"Ini a-pa,"
Terdengar suara 'sesuatu yang jatuh' dari arah dapur dan Renjun segera menghampirinya.
"Ya ampun, sayang..." keluh Renjun dengan berusaha tersenyum, tentunya sambil menggendong Luxiao dan membawanya ke sofa.
Belum 10 detik Renjun mendudukkannya di sofa, anakmu dan Renjun sudah kembali beranjak dari sofa dan kali ini menuju ruang keluarga.
Renjun berlari menangkap Luxiao, mencegahnya berbuat nakal.
Namun apa yang dilihatnya membuat Renjun semakin teruji kesabarannya."Luxiao, sayang. Tidur ya? Udah malam. Besok lagi mainnya, ya?"

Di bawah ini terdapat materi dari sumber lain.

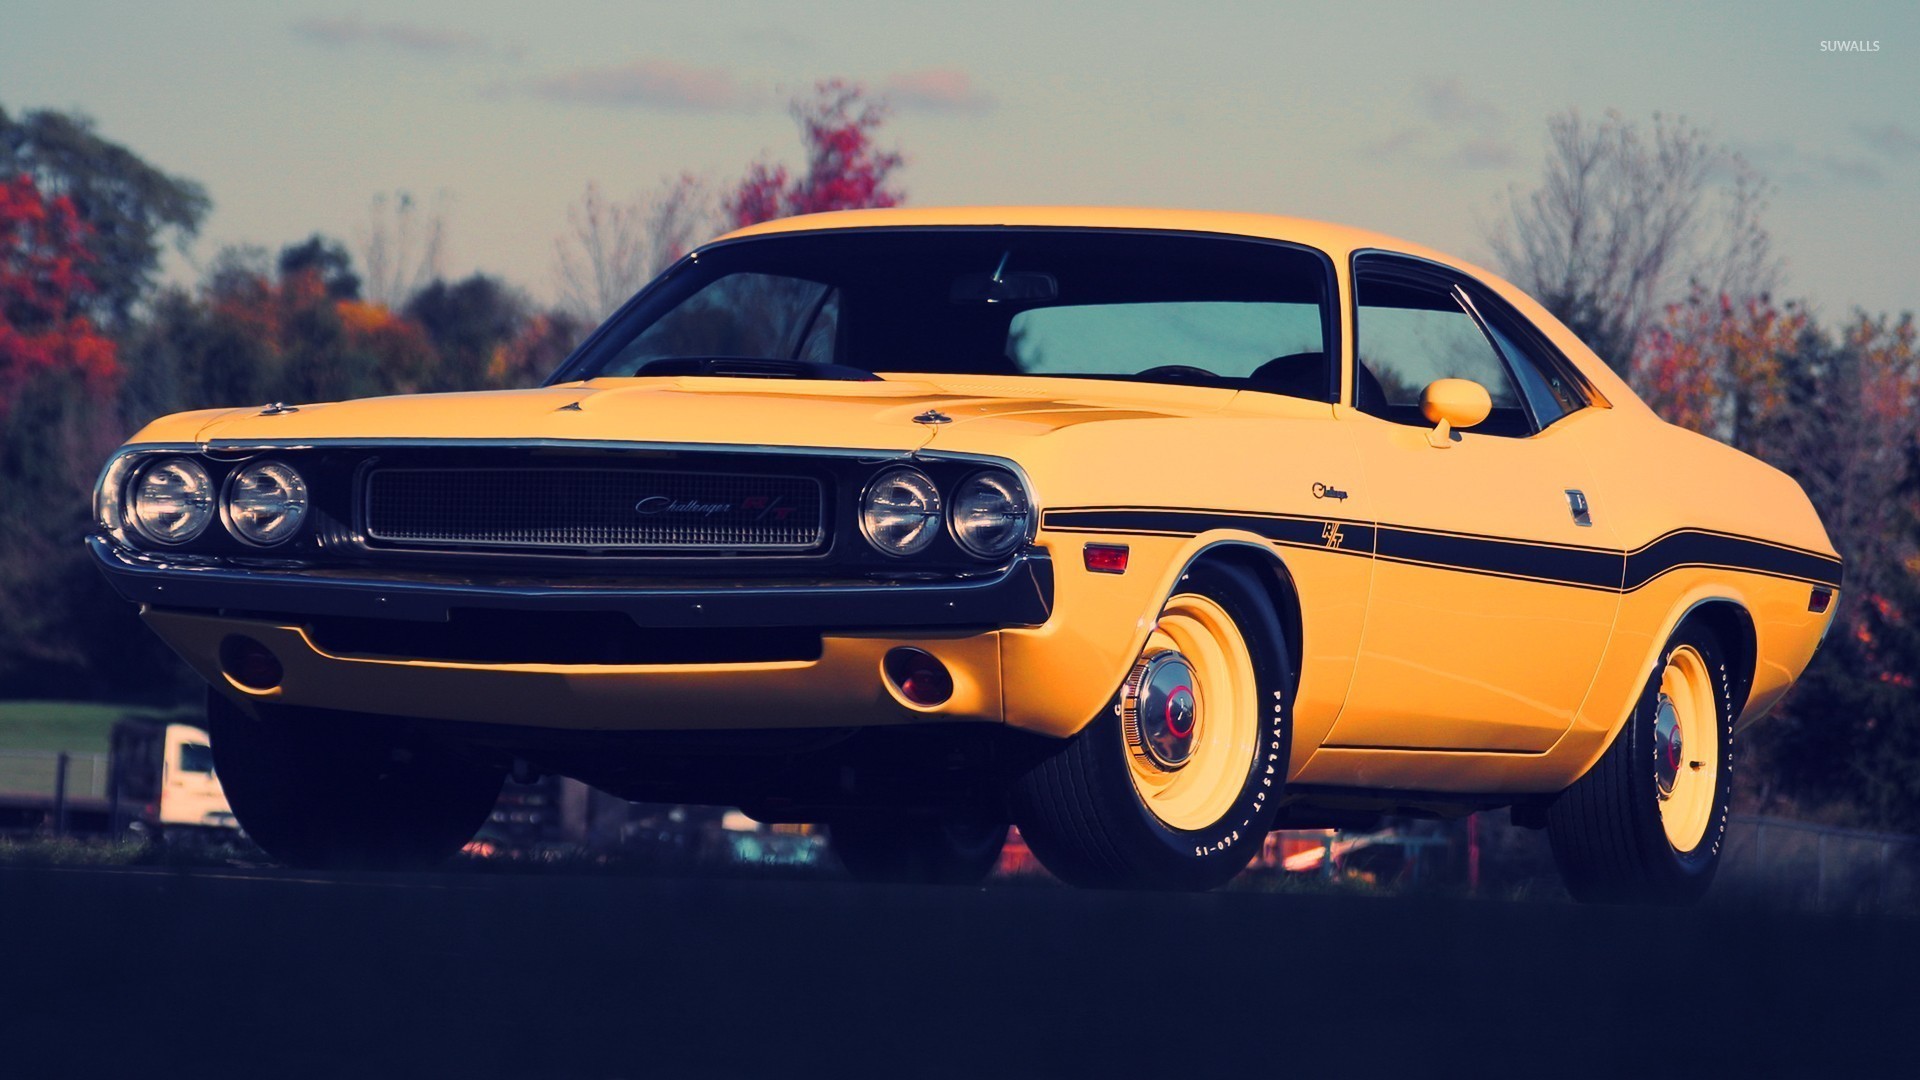 1920x1080 Yellow Dodge Challenger front side view wallpaper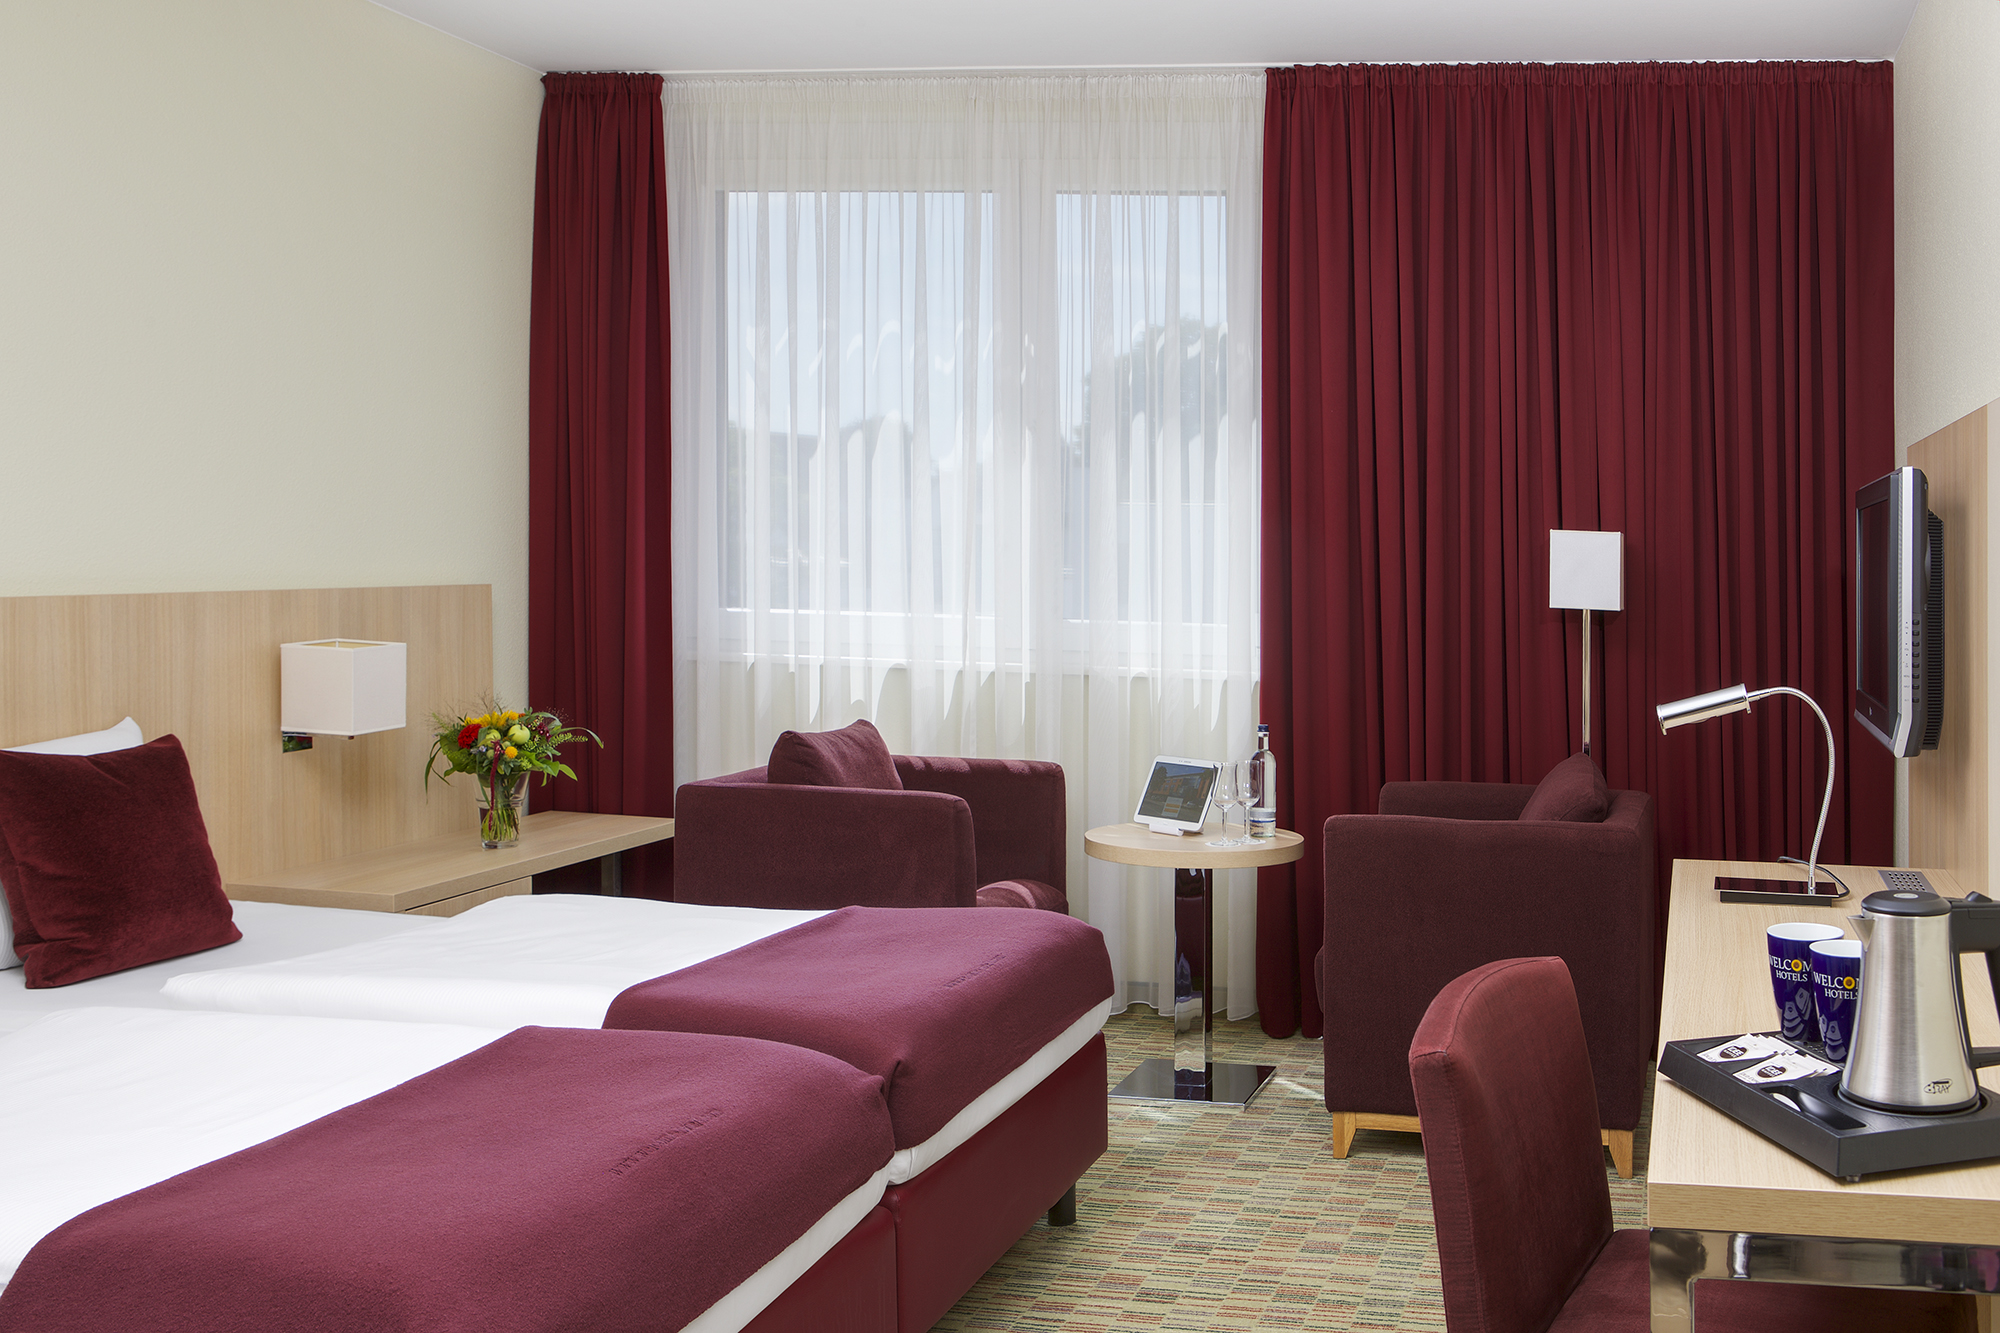 Executive Zimmer im Welcome Hotel, Paderborn.

Luxiao hanya melanjutkan aktivitasnya, yaitu membanting- banting telepon rumah.
Dengan sigap, Renjun mengangkat Luxiao dan membawanya ke kamarmu dan Renjun.
Luxiao tampaknya tidak percaya, bahwa ayahnya bisa tegas juga. Raut wajahnya yang ingin menangis, membuat Renjun cepat- cepat membaringkannya di ranjang milik Luxiao dan mematikan lampu."HWAAAA.." Tangisan Luxiao tiba- tiba menggelegar dan menyebar ke seluruh penjuru rumah, membuat kamu yang asik tertidur terpaksa membuka mata dan mencari sumber suaranya.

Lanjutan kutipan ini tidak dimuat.